§ **WHAT YOU WILL DO**: From the entries below, copy exactly the lines from the one that contains "Portwest Handschoenen A501 grijs(GR)" through the one that contains "[IOSR CD 004]", both included, and only those.

§ **DATA IN THIS EXERCISE**:
= = = = = = =

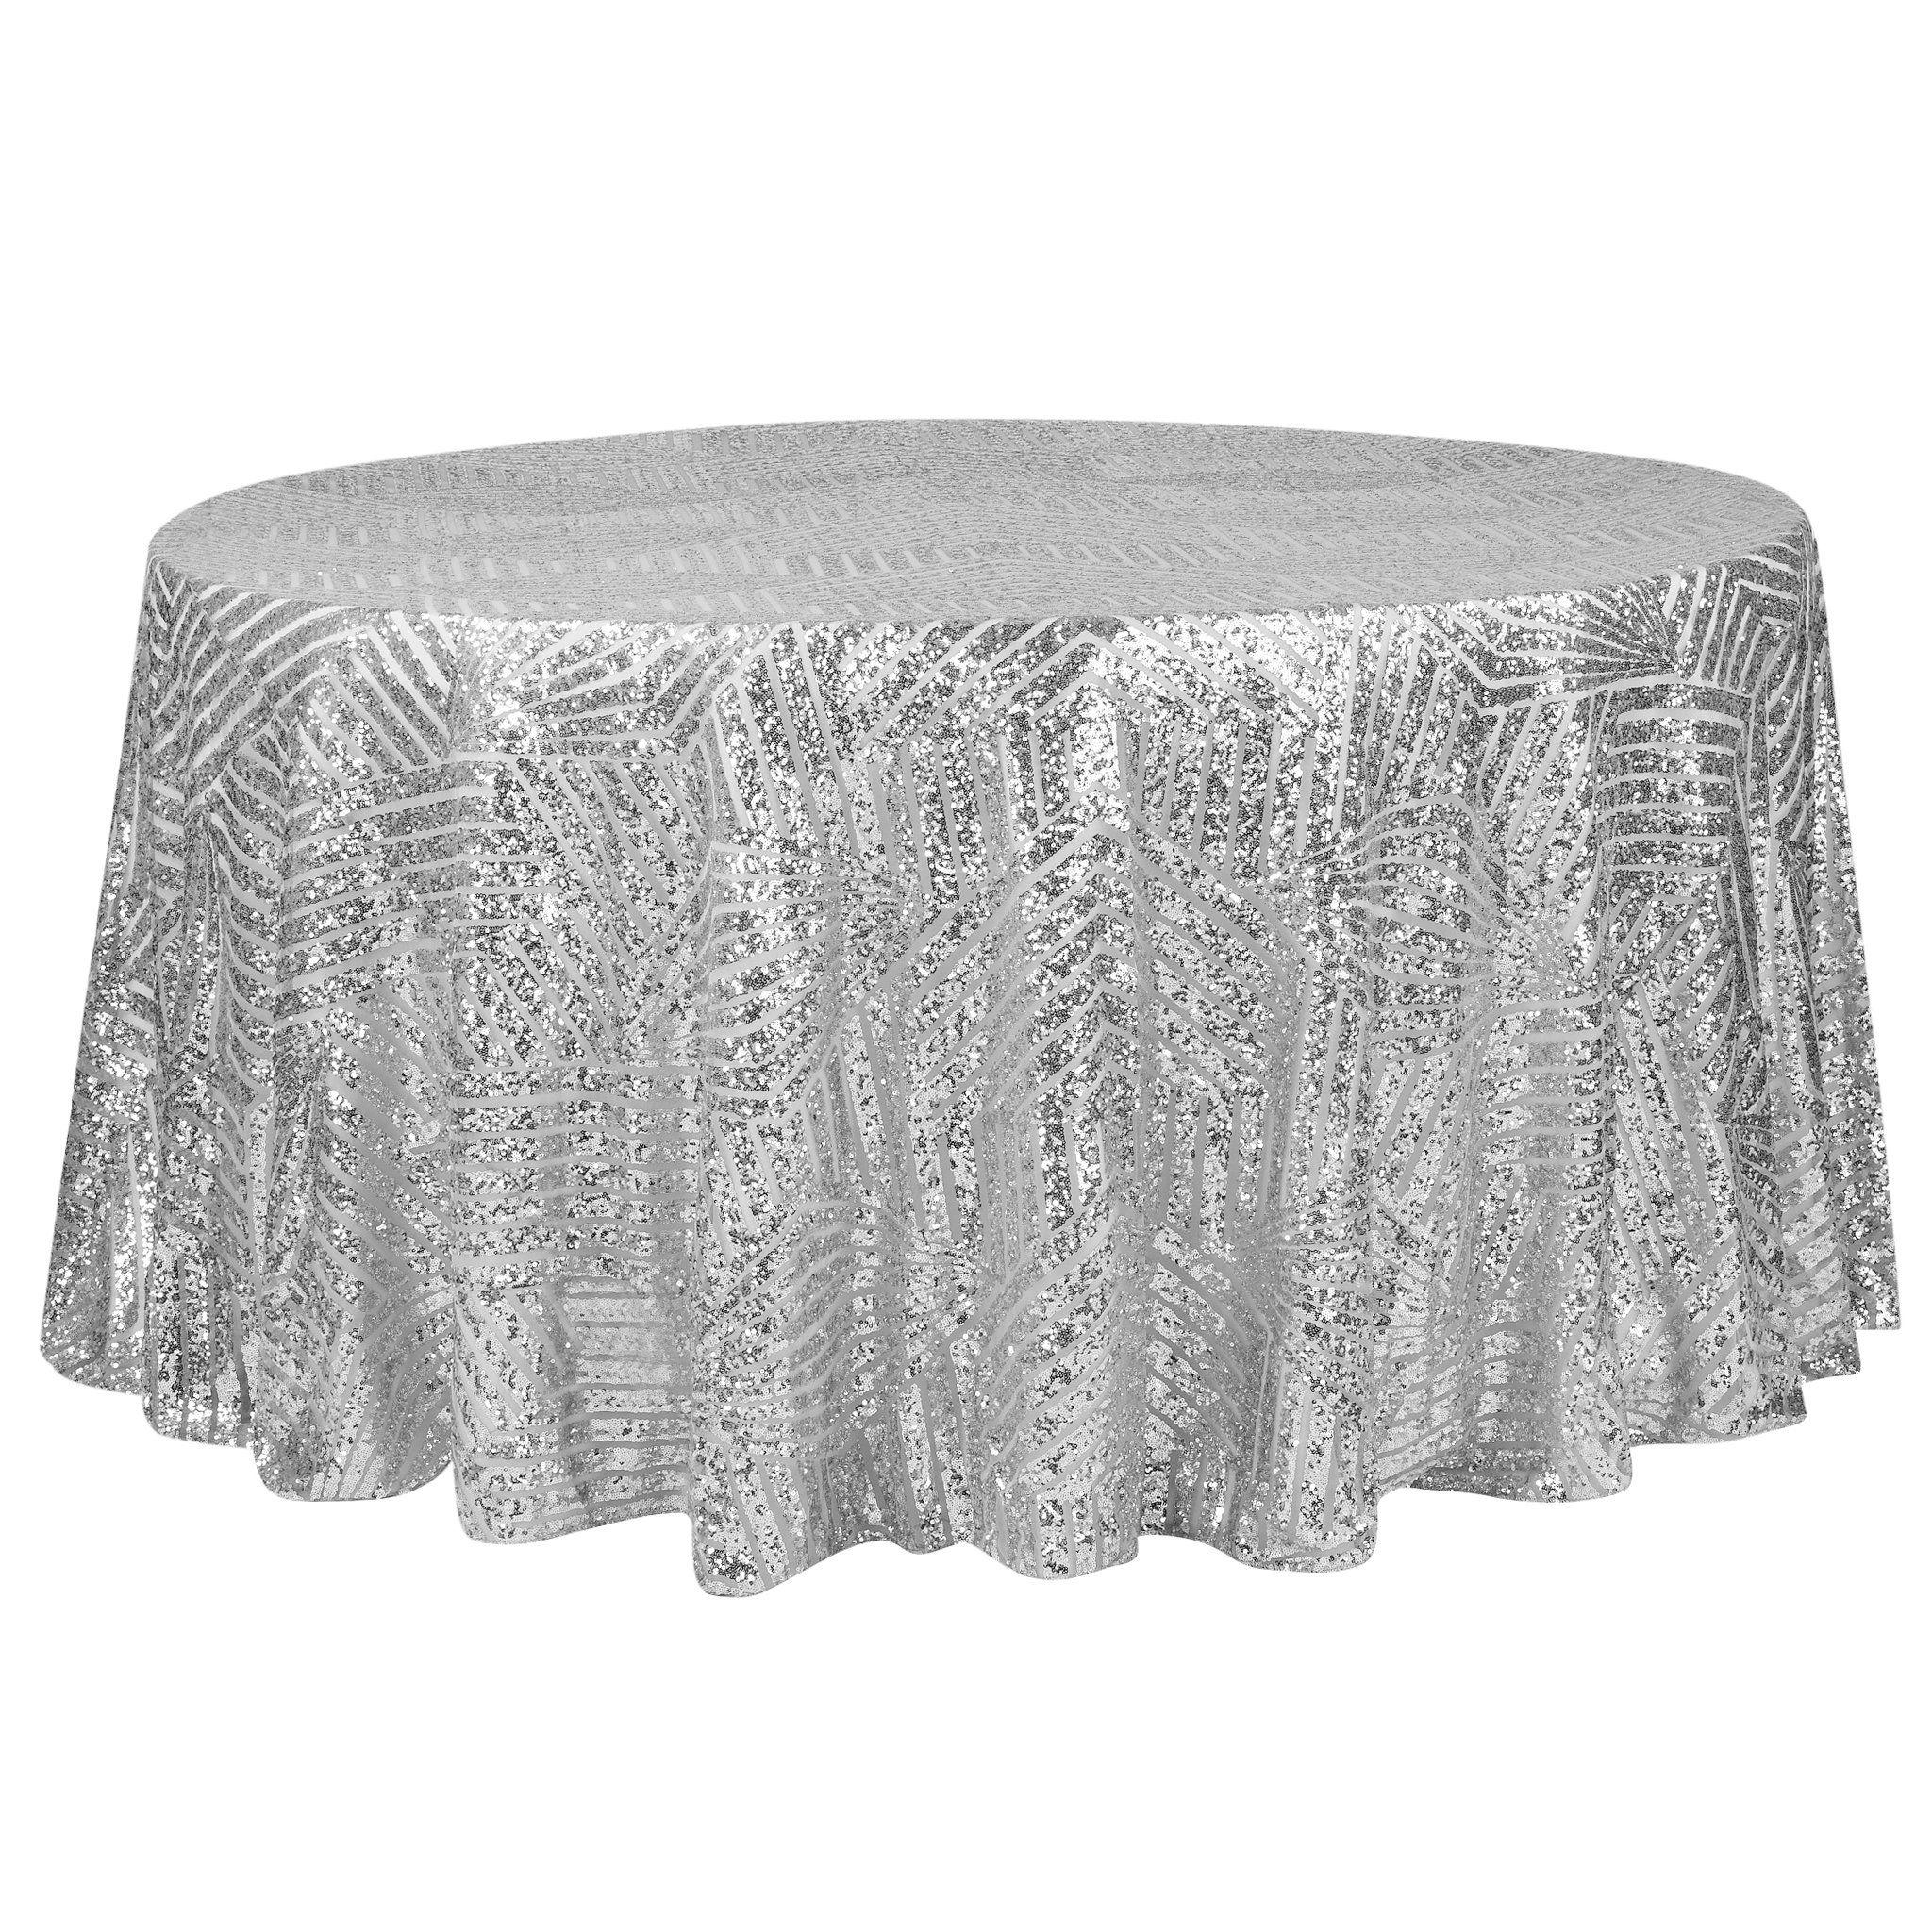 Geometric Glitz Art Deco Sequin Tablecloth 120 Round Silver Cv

= = = = = = =

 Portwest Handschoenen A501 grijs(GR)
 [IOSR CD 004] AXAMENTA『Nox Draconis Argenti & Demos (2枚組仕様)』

= = = = = = =

§ **RESULT BELOW**:
 Portwest Handschoenen A501 grijs(GR)
 [IOSR CD 004] AXAMENTA『Nox Draconis Argenti & Demos (2枚組仕様)』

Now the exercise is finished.